Pricing Conversations

by | Sep 10, 2020 | Change

pricing

I responded all wrong.

‘How would you expect our pricing to look like?’ she asked.

I launched into some ramble about different usage fees, hardware costs, and support costs. Plus a bit about lifetime value of a customer, project cost versus programme versus global agreements, and even how to filter out customers that you’re not a right fit for.

However, I completely broke my own rule. I spoke technical and user manual-ish, not stories, emotions, and value.

Pricing is a story we tell ourselves and others. Part of pricing is telling a story that fits into the story of your potential customer/client. But underlying this is value. What value are you bringing to your client?
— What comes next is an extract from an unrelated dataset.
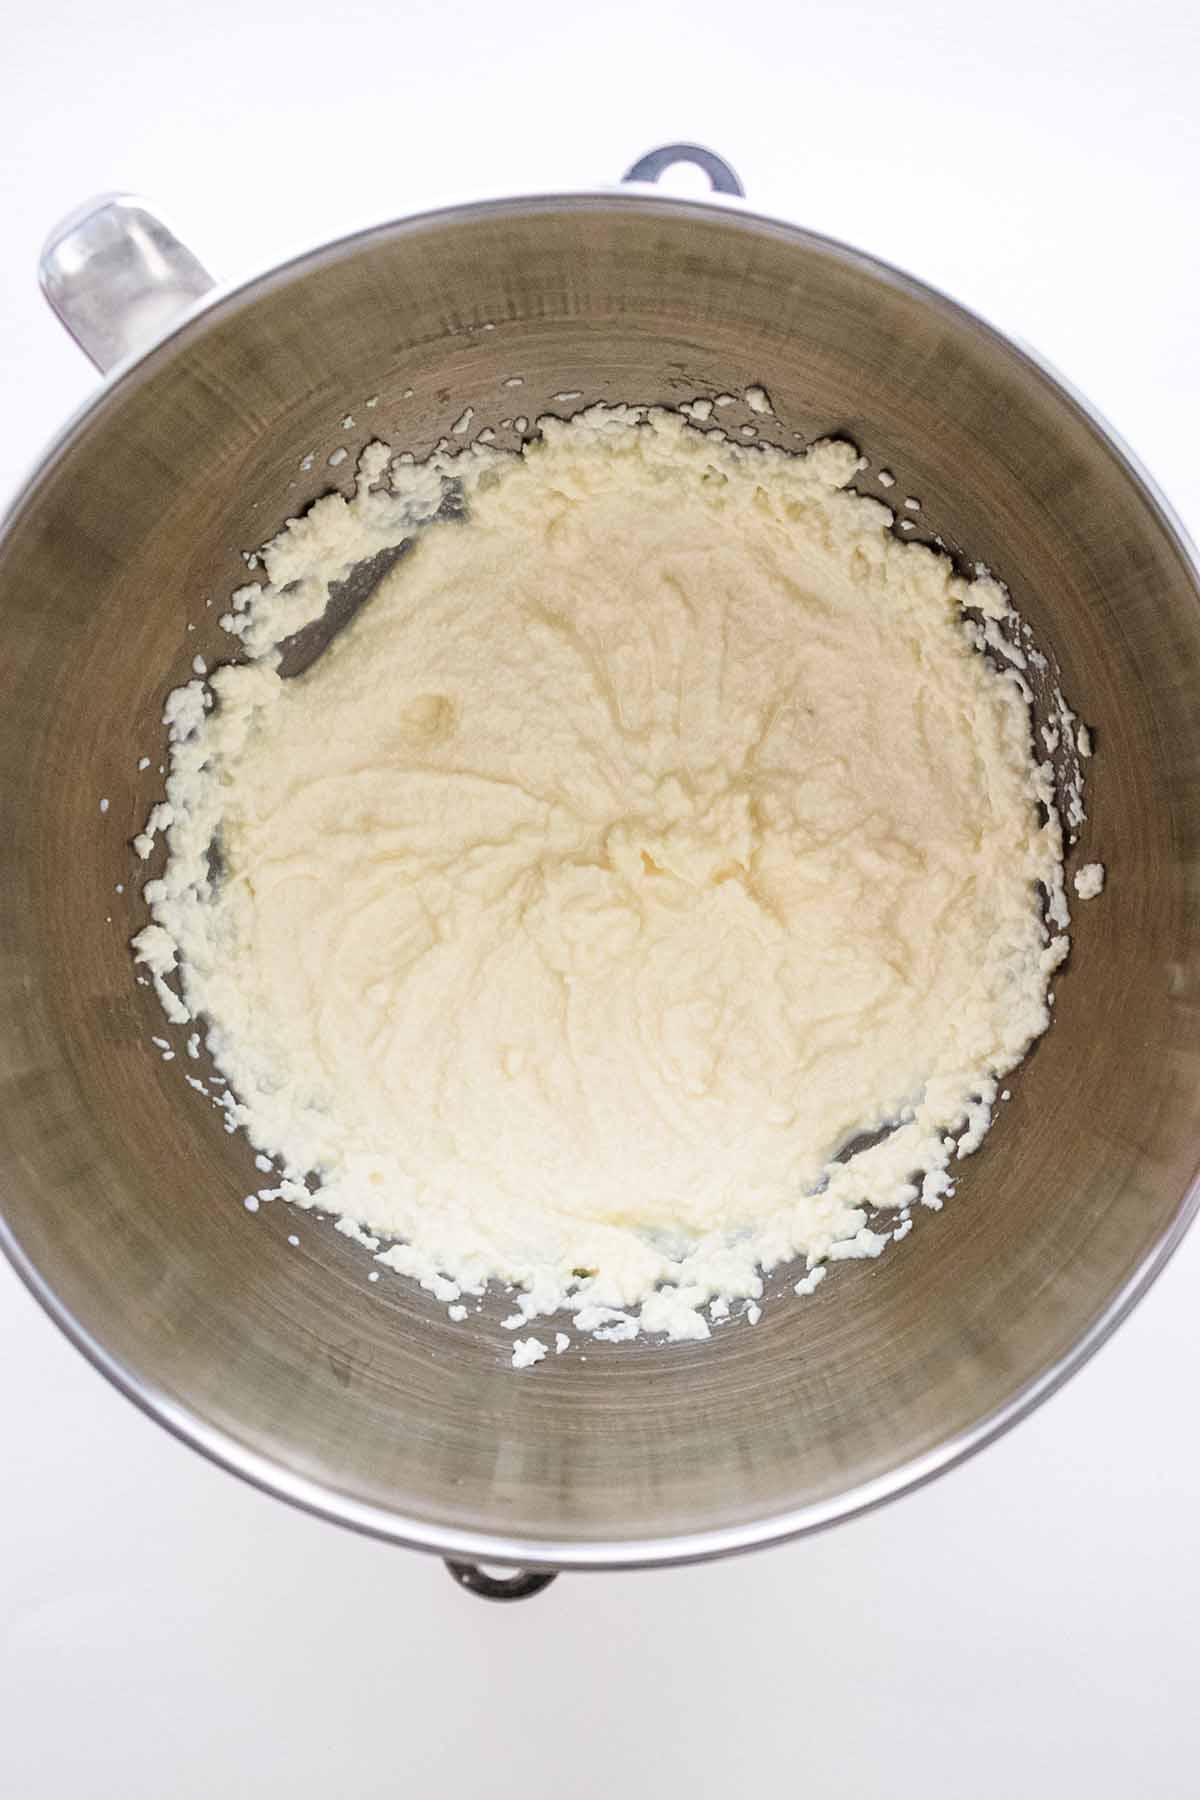 Whipped ricotta in a stainless steel bowl.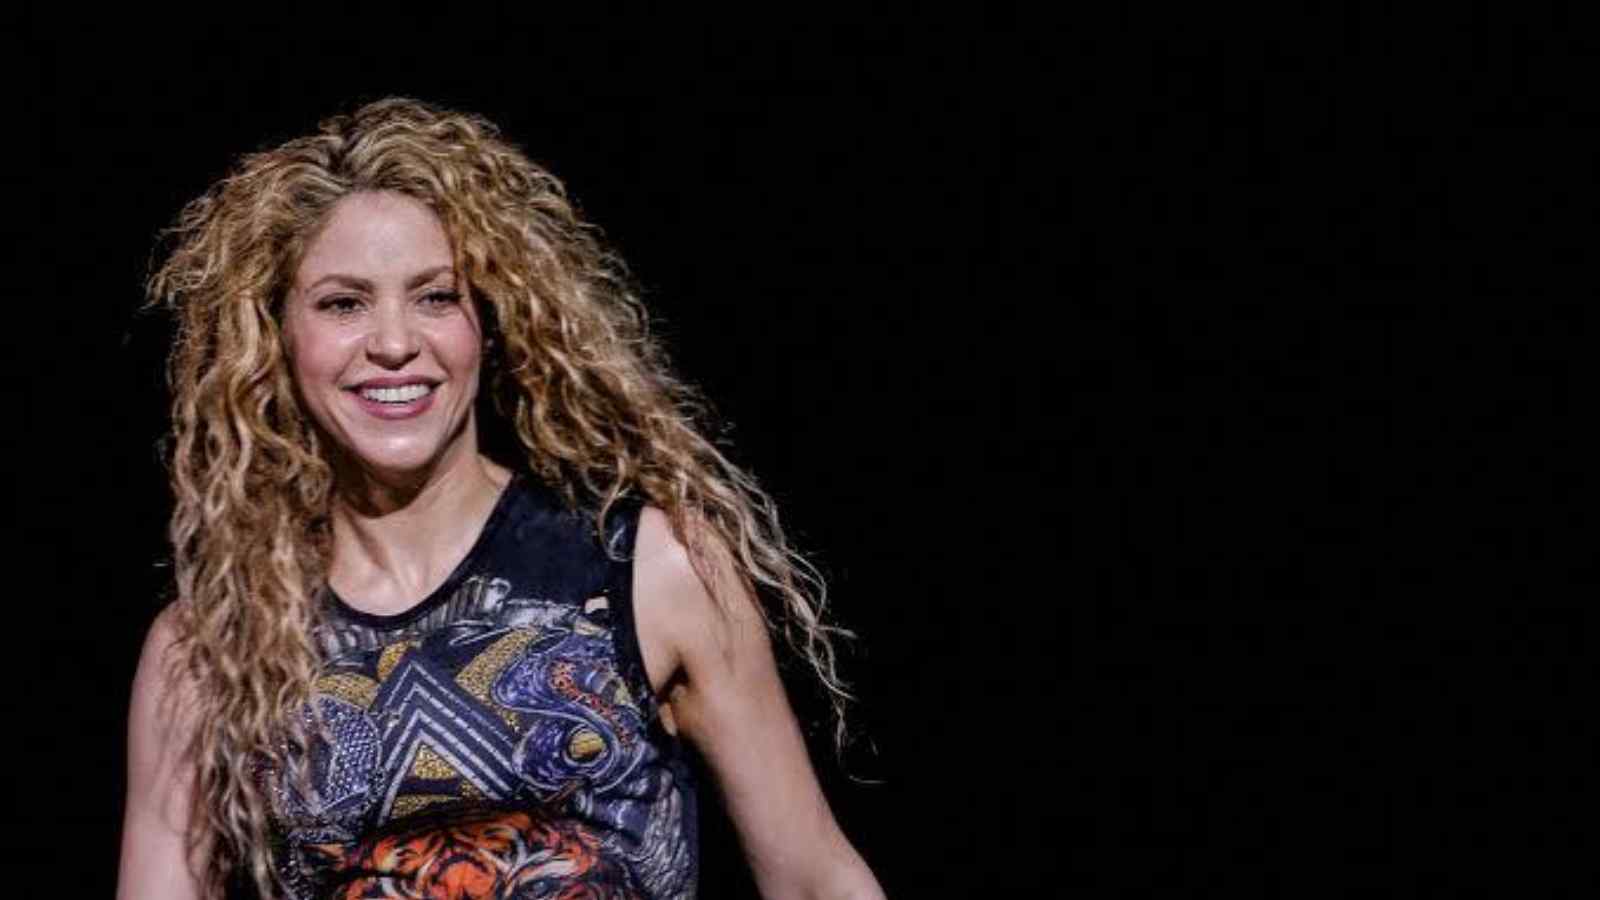 Shakira tangled in a tax fraud case, may face eight years in prison

How do you talk about it?

And when selling B2B, the story of value is even more important because the person you are talking to needs to retell the story to their manager.

Everyone likes to feel like they are getting a bonus, something for free. Therefore, part of the pricing model needs to include that. Needs to talk about it. This can be as simple as ‘for this usage fee, we’ll add in the ‘extra’ of this support package valued at X price for free. Because we want to set you up to succeed.’ Call them bonuses, extras, add-ons or whatever you want, but tell them the financial value of them so they can tell the story of ‘getting a good deal.’

Pricing is about trading something for the value received. Often customers are focused on the cost, we need to help them to think about value.

@Christie, perhaps we need to have another conversation about value…

Talking about pricing is similar to talking about change. I often make the mistake of talking logic when people are looking for value, emotion, and stories.

What happens when we think about change through the lens of value? Does it change how we talk about it?